By contrast, I feel like I'm back in Art History 101 class!
Tom Paul;
Do you really feel that the earliest architects like Macdonald believed that they would have to "manhandle" nature a bit in building courses for them to be "accepted" by the golfing public at that time?
I think that's an interesting theory, but let's remember that the earliest golfers in this country had very little by way of frame of reference to know any better at all. The very first courses prior to Macdonald's seminal work at NGLA were not only geometric in design, but also incorporated all sorts of odd man made features such as hedgerows, stone walls, race tracks, steeplechases, etc., and people played them simply because they didn't know any better and had no real preconceptions of what a golf course should or could be.

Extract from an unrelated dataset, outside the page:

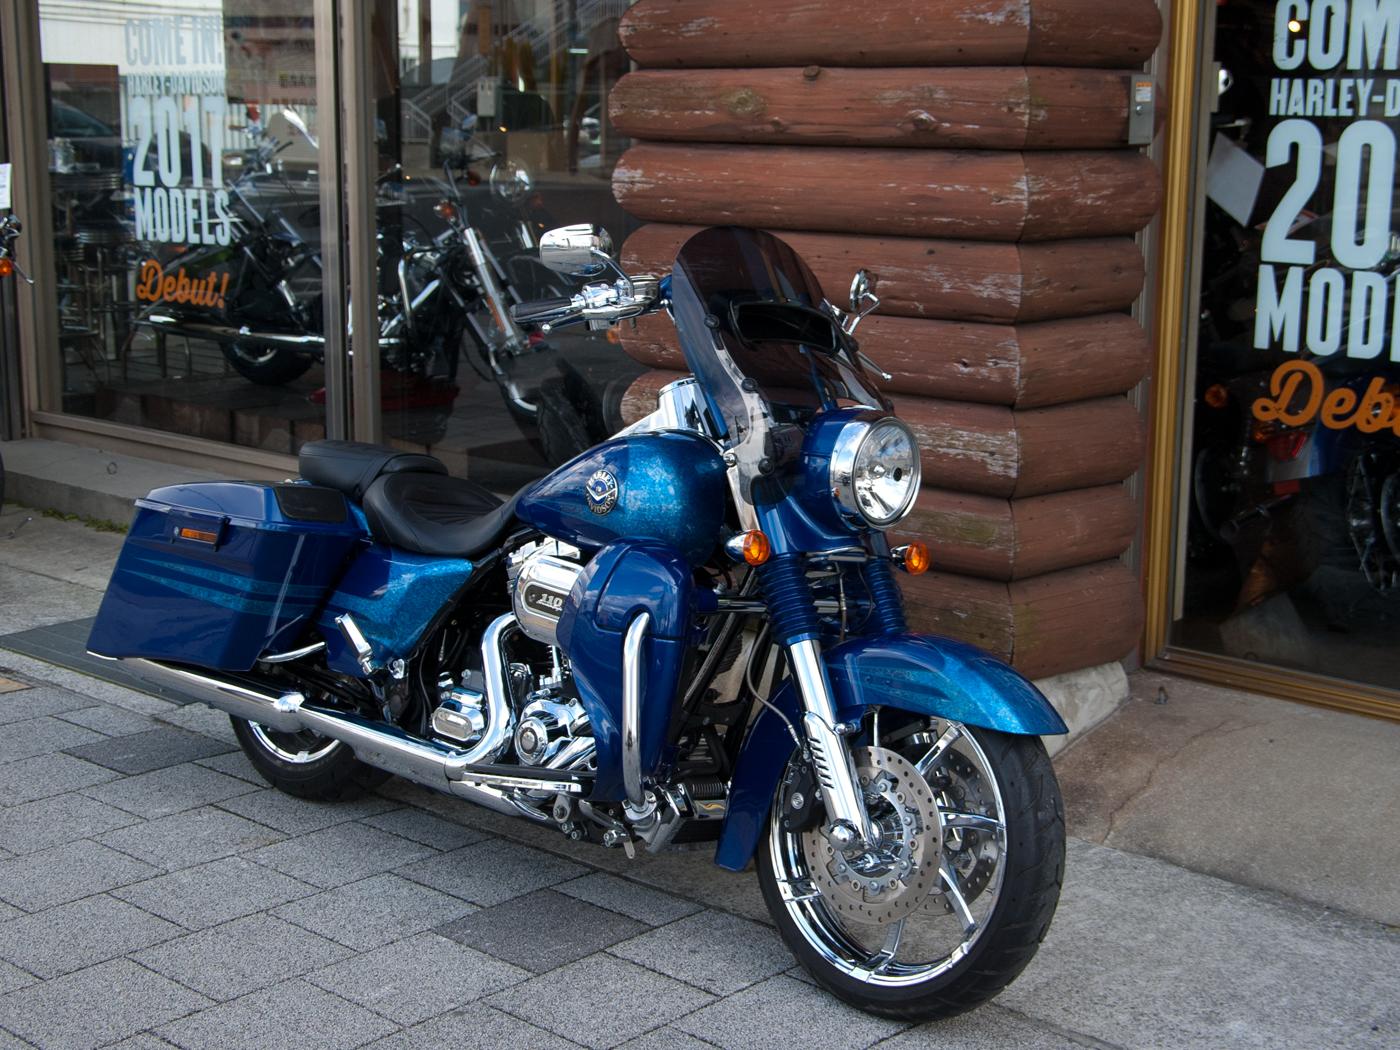 Harley-Davidson 2013 CVO Road King

When Macdonald finally got totally disgusted enough to say "enough!", and started to build NGLA, I have a hard time imagining that he would have tried to "dumb it down" somewhat to gain critical and mass acceptance. I simply think he was working within different geological and environmental constraints than the works he admired in the old country. Let's also remember that by that time, there were many other courses in Scotland, England, etc., that were much more formal and visually directive than TOC, and he admired many of those, as well. Perhaps those courses whose holes were routed between tall dunes (those dunes providing some particular designated visual "alley" to aim between) were some of the first "framing", or visual aids to playing a particular hole.
So, although Macdonald admired and loved TOC, I'm sure he also took a great deal of his inspiration from other great courses in the British Isles, all of which would still fit his definition of "naturalness", while being somewhat more visually apparent and somewhat less random in featuring than TOC.

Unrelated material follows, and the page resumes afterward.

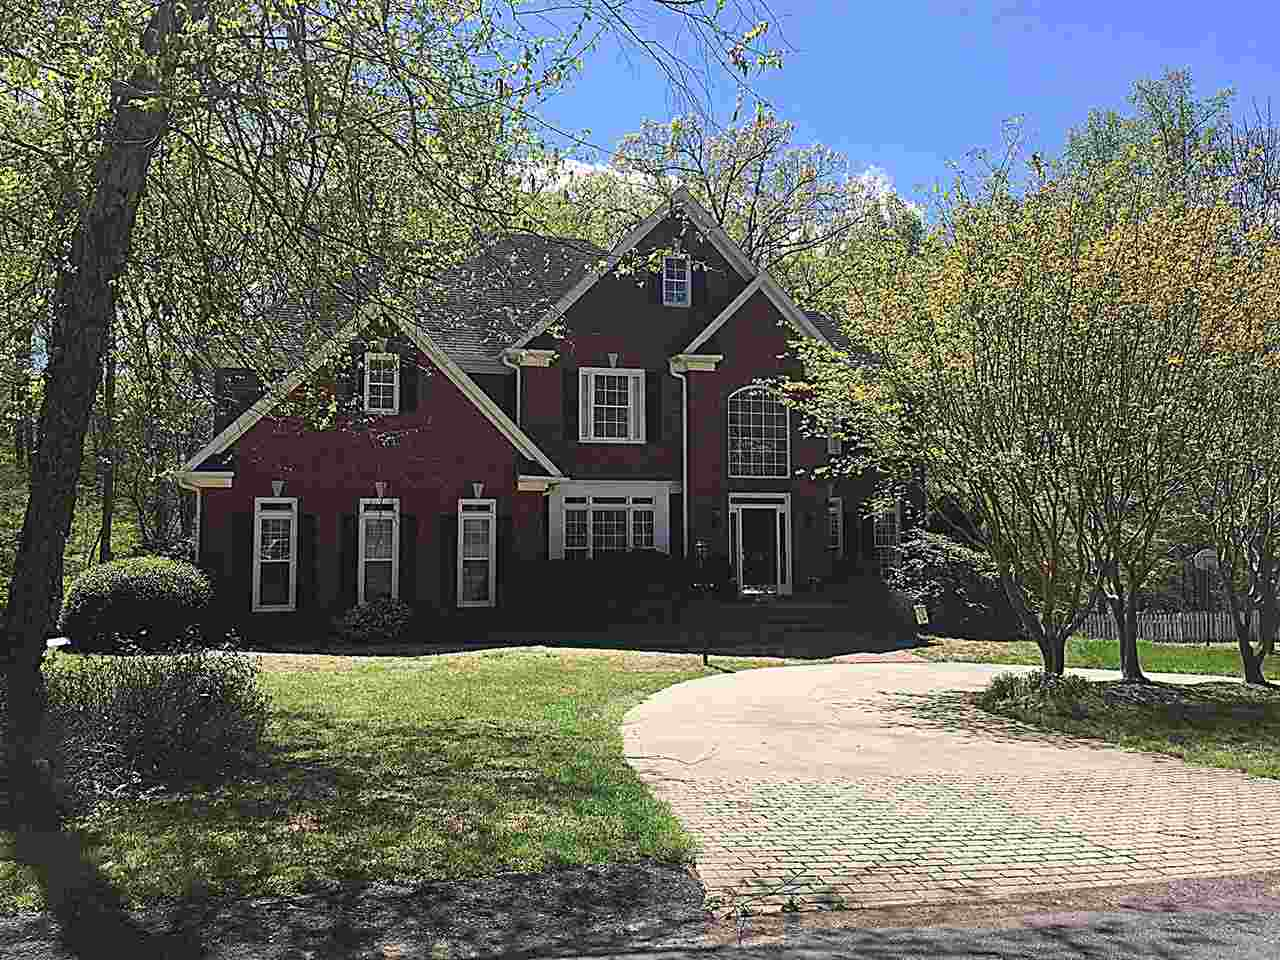 Real Estate for Sale, ListingId: 36650185, Clemson,SC29631

Throw in the fact that the land he built NGLA on, while highly suitable for golf, still was not as "prime" as those British courses built on natural sandy linksland with native fescues that he used as his models.
One other point...many of the first architects in America were emigrees who were each considered "experts" in everything about the game, including architecture. The general public of the time, with little or no knowledge or expectation of what a course should or could be, generally just accepted what they were told. Many of the courses these first architects built, even into the 20s, were simply rudimentary layouts where the "architects" set a stake in the ground as a tee area, located an appropriate green site, and moved on.
In many ways, I sense that our first courses were much more of "playing golf in nature unaltered by man" than we might even imagine.